Minkovitz et al did not investigate in as much detail, but they did report that mean intra-pair differences in refractive error were less for monozygotic twins than for dizygotic twins, thus indicating a genetic link. Other such studies have also acknowledged the genetic link that can be deduced from similarities of monozygotic twins. However, it is necessary to take into account the common occurrence that twins are most often not brought up in isolation from each other. Therefore, identical twins most often engage together in their hobbies, possibly more so than non-identical twins, so any environmental influences would be the same in each twin in an identical pair resulting in less intra-pair differences than in dizygotic twins.
ETHNICITY
The wide variability in the prevalence of myopia in different ethnic groups points towards the biological theory in the epidemiology of myopia.

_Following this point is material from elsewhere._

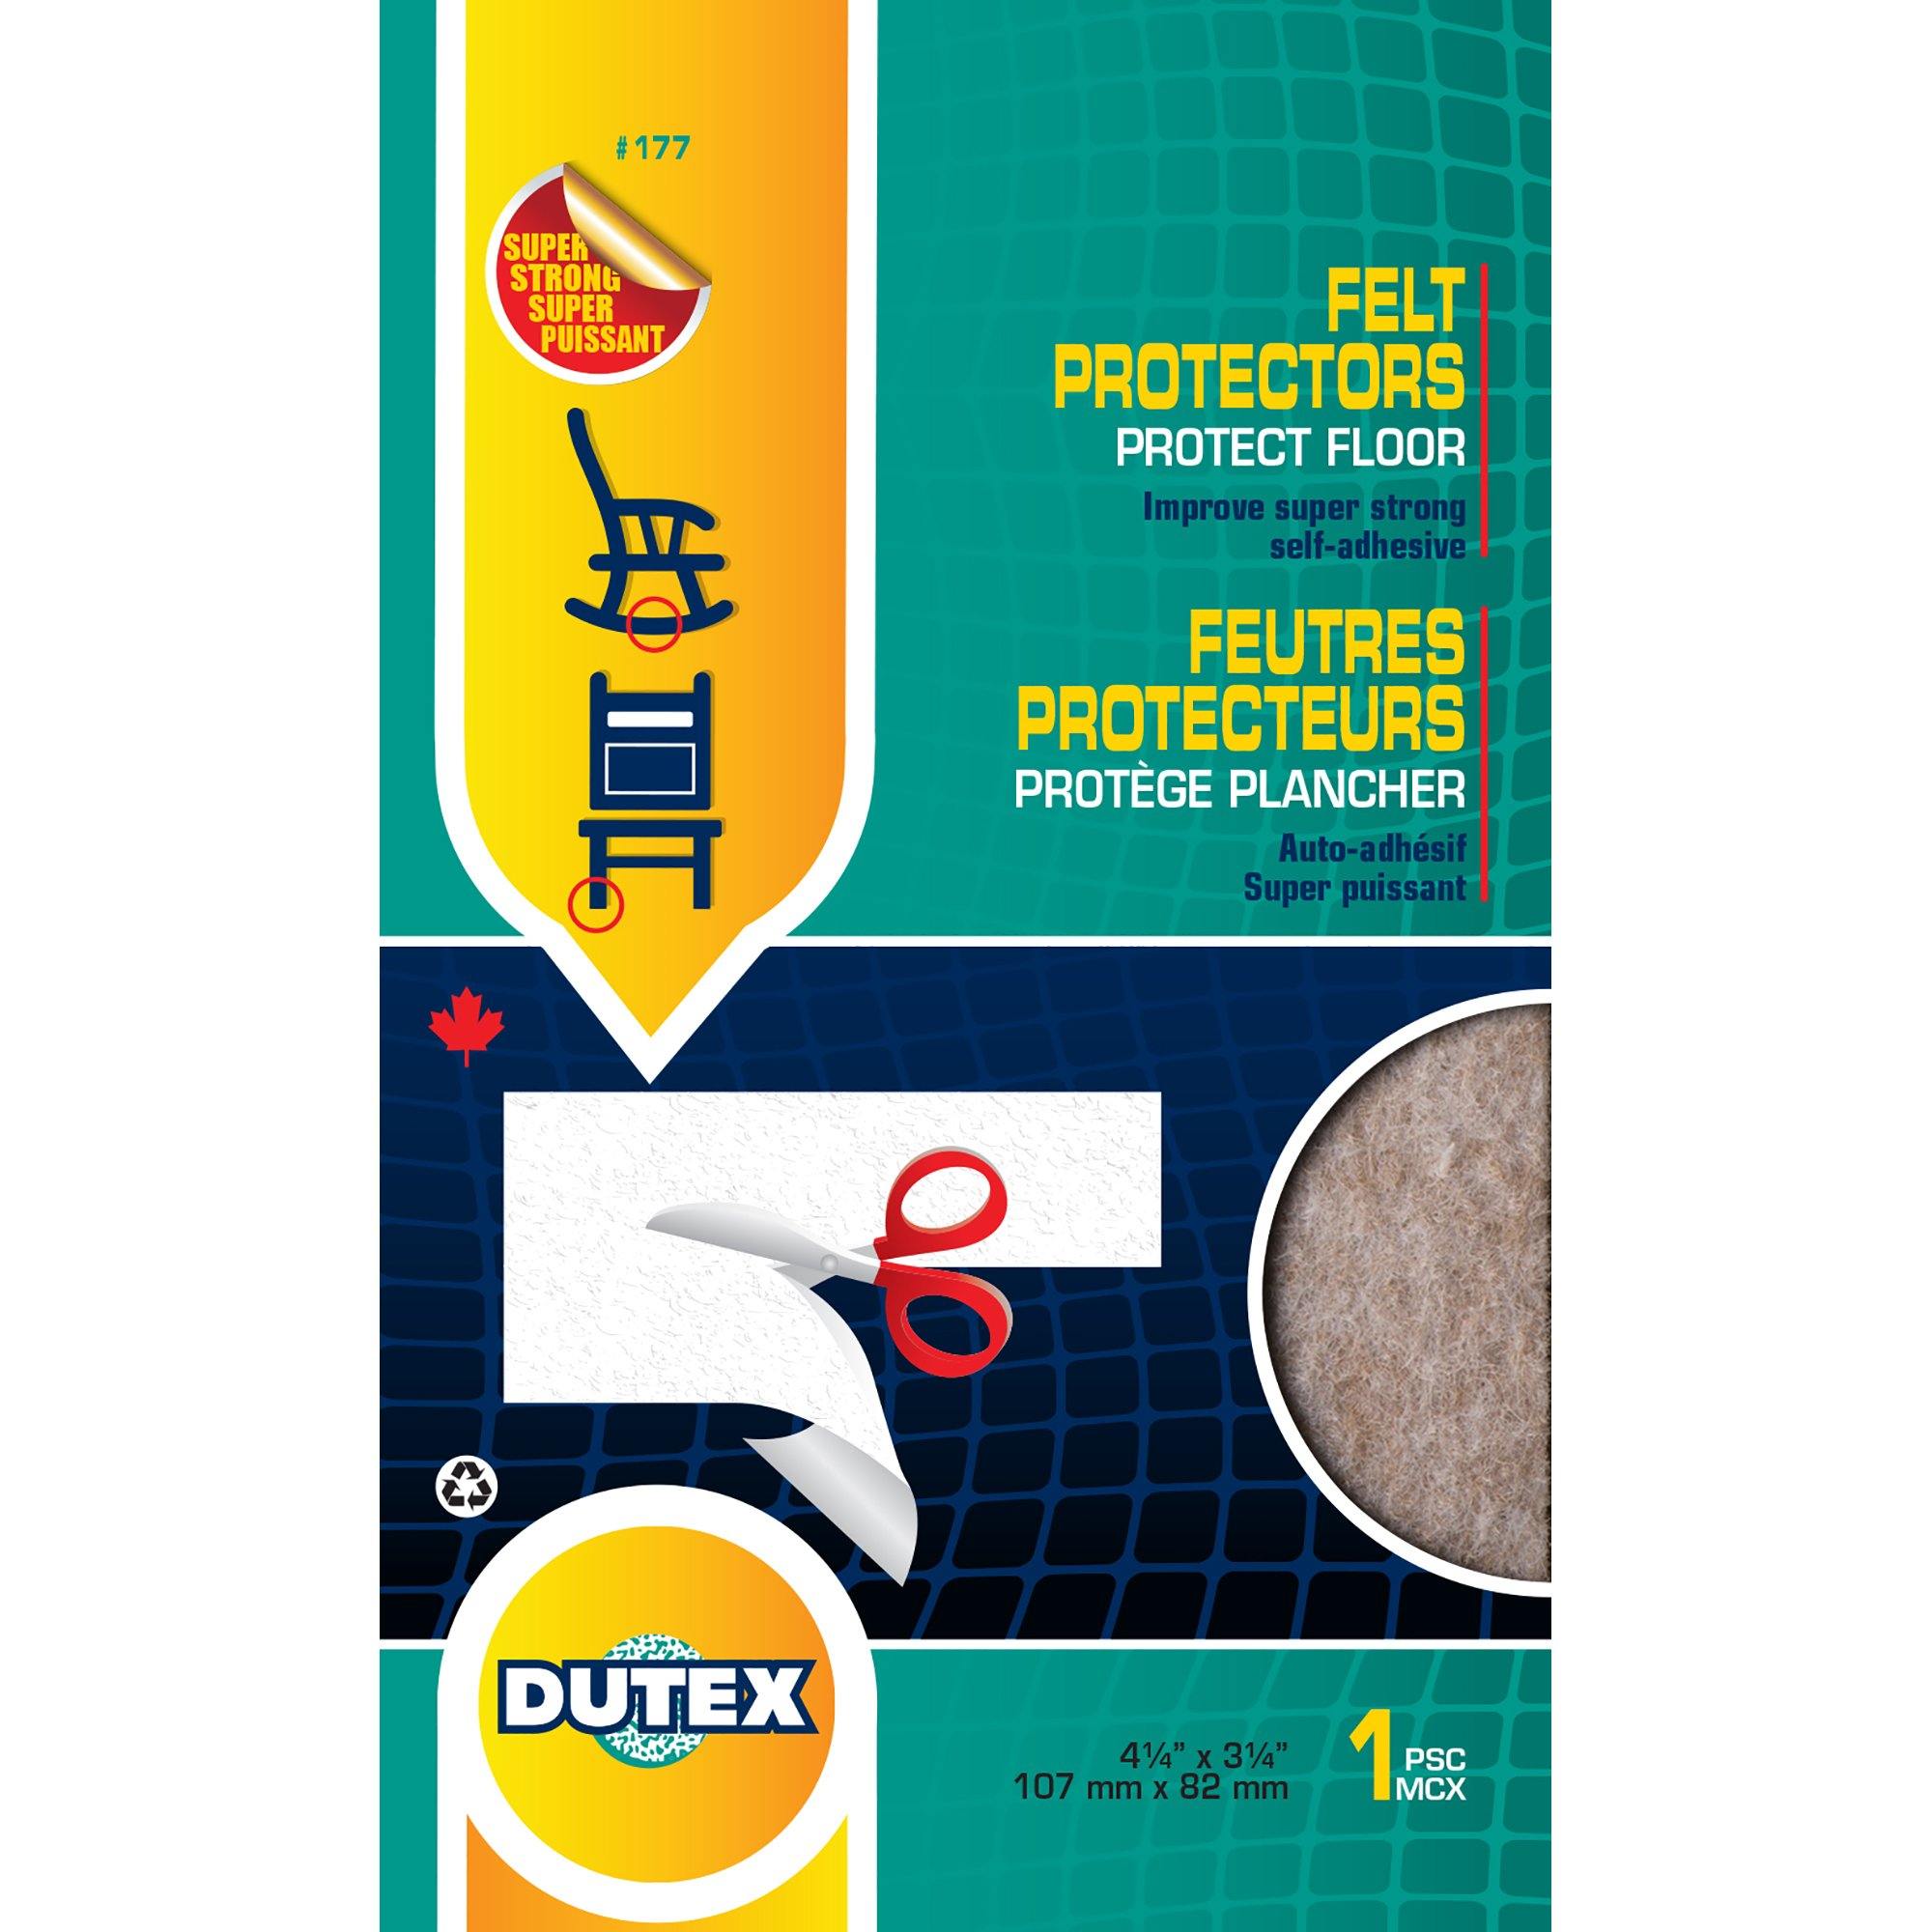 Felt Protectors For Floor Super Strong Self-Adhesive 4 1/4" X 3 1/4" - Dollar Max Dépôt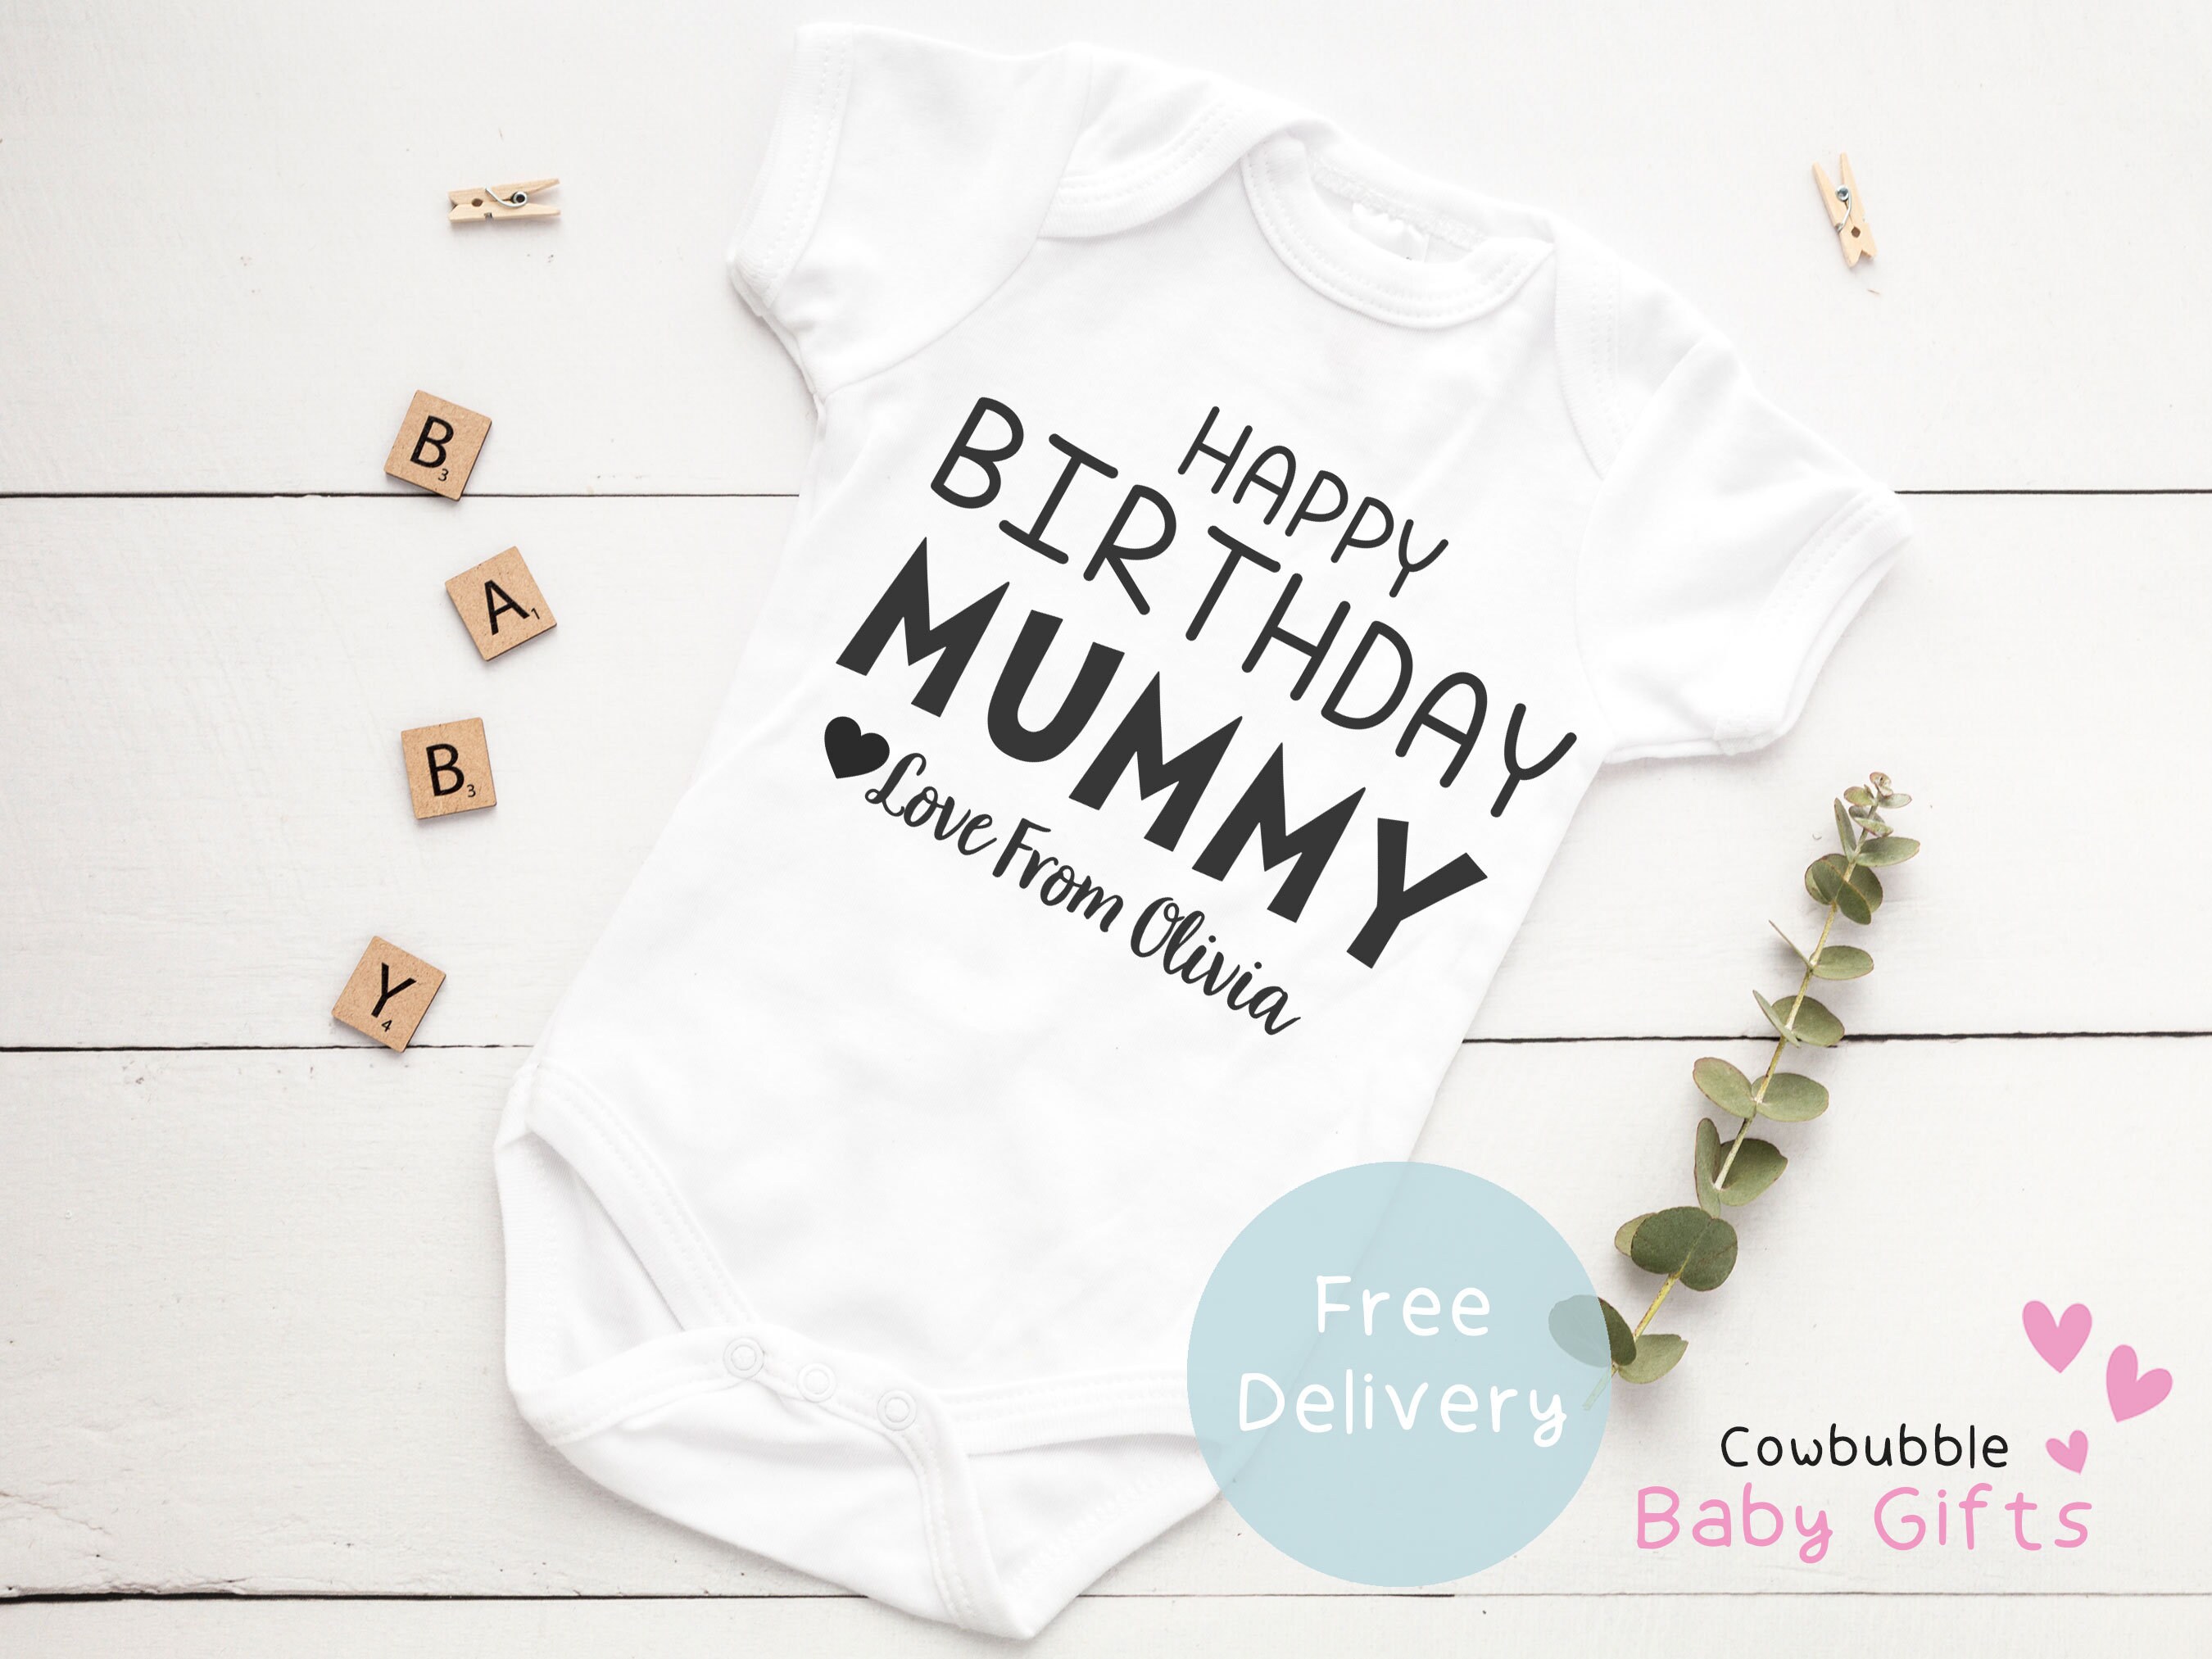 Happy Birthday Mummy Cute Boys and Girls Baby Vest Bodysuit

Angle and Wissmann17 found such evidence was apparent and correlated it together from a number of sources.18-20 Figures from these sources show the stark difference in myopia prevalence between people of different races. In Asia the prevalence is as high as 70-90 per cent, in Europe and America it is 30-40 per cent and in Africa it is 10-20 per cent.
It is well known that the Chinese and Japanese racial groups are more prone to myopia than others. The Kodansha Encyclopaedia of Japan, quoted by Yap et al,21 states that it is believed that the Japanese are descendants of people from Northern Asia and that there have been centuries of recorded contact between Japan and China. As a result there are many similarities between the two races shown by the similar high prevalence of myopia among the Japanese and Chinese.22
Asian peoples
In 1949, Crawford and Hammon (cited by Yap et al21) compared the refractive states of schoolchildren of various races living in Hawaii and found the highest prevalence in the Chinese, followed by the Japanese and Korean students, with the lowest prevalence among the indigenous Hawaiians or part-Hawaiians.
Their study was one of excellent value in terms of incidence of myopia among children of many racial and ethnic groups living in an indigenous environment, including data on more than 50,000 subjects, the method of analysis (screening of a non-visually selected sample), and a common school environment.
A study by Zhang et al,23 aimed at comparing the prevalence of myopia in Chinese children in different locations but of similar genetic inheritance, reported a prevalence of 12.3 per cent in Singapore, which is comparable to the 12.0 per cent prevalence found by Lin et al in Taiwan.16
Comparing these figures to the less than 5 per cent prevalence from the Orinda Longitudinal Study in California and the 6 per cent prevalence in Canada, it is possible to see the pattern emerging.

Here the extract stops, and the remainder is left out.